アマデウス・ソサイエティー管弦楽団第40回演奏会 [実演]
サントリーホールで行われた、こちらの演奏会を聴きに行きました。
アマデウス・ソサイエティー管弦楽団
合唱:一音入魂合唱団
指揮:曽我大介
R.シュトラウス アルプス交響曲
ワーグナー:ジークフリート牧歌
ワーグナー:ニュルンベルクのマイスタージンガーより
第1幕前奏曲と冒頭の合唱~第3幕フィナーレ
ワーグナー:ローエングリンより
第3幕の前奏曲~結婚行進曲~第2幕エルザの大聖堂への入場からフィナーレ
http://amadeussociety.web.fc2.com/
ワーグナーが前半(上記の曲順)、後半がアルプス交響曲。終了まで約2時間半の、大演奏会でした。
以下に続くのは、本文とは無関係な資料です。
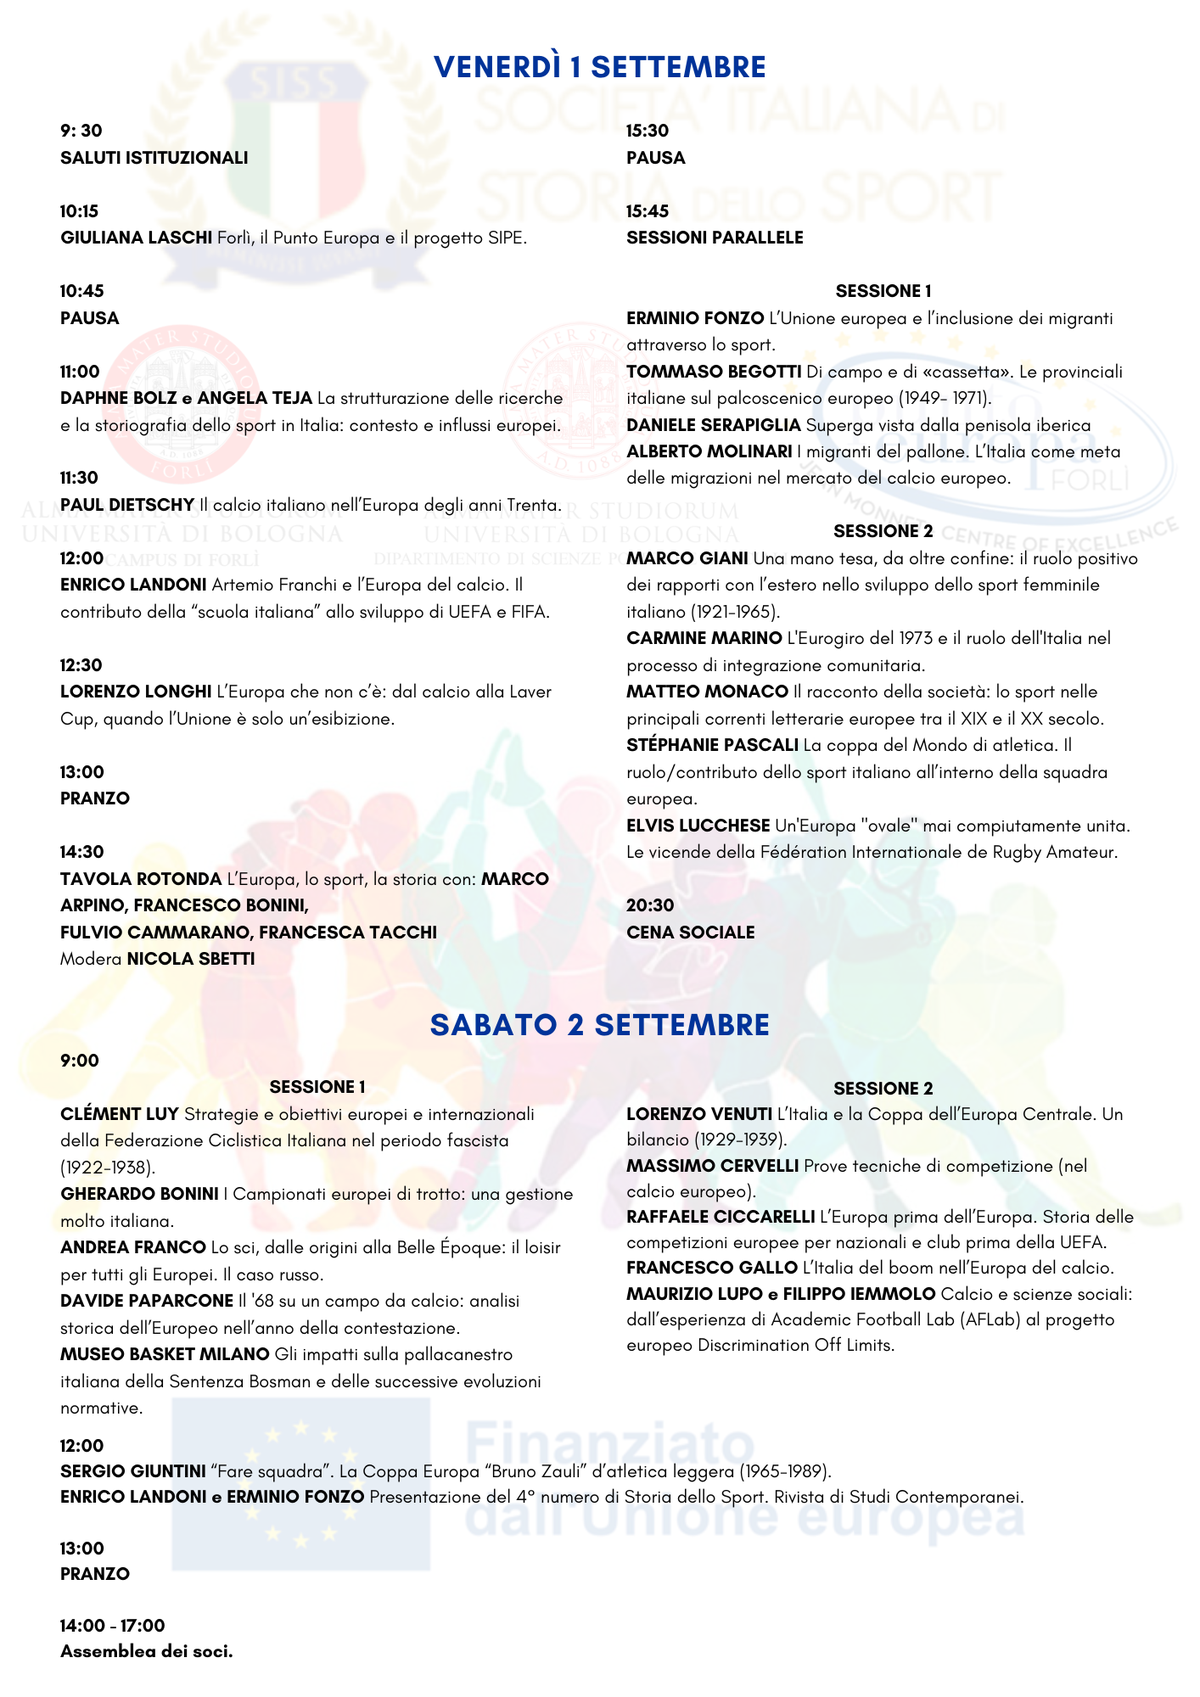 Programma dell'XI Convegno Nazionale della Società Italiana di Storia dello Sport: "L'Europa nella Storia dello Sport Italiano".

1曲目のジークフリート牧歌は、本日の曲の中で唯一、小編成の曲ですが、1stVnが4プルトと弦楽器が多めで演奏されました。最初のpから豊かな響き、これはこれで心地よいです。早めのテンポにより、耳慣れた主題が織りなすアンサンブルは、オペラの滔々たる流れより緊密で、「オペラの縮小版」というより各楽器の組み合わせの妙を楽しむ「室内楽作品」であるという印象を持ちました。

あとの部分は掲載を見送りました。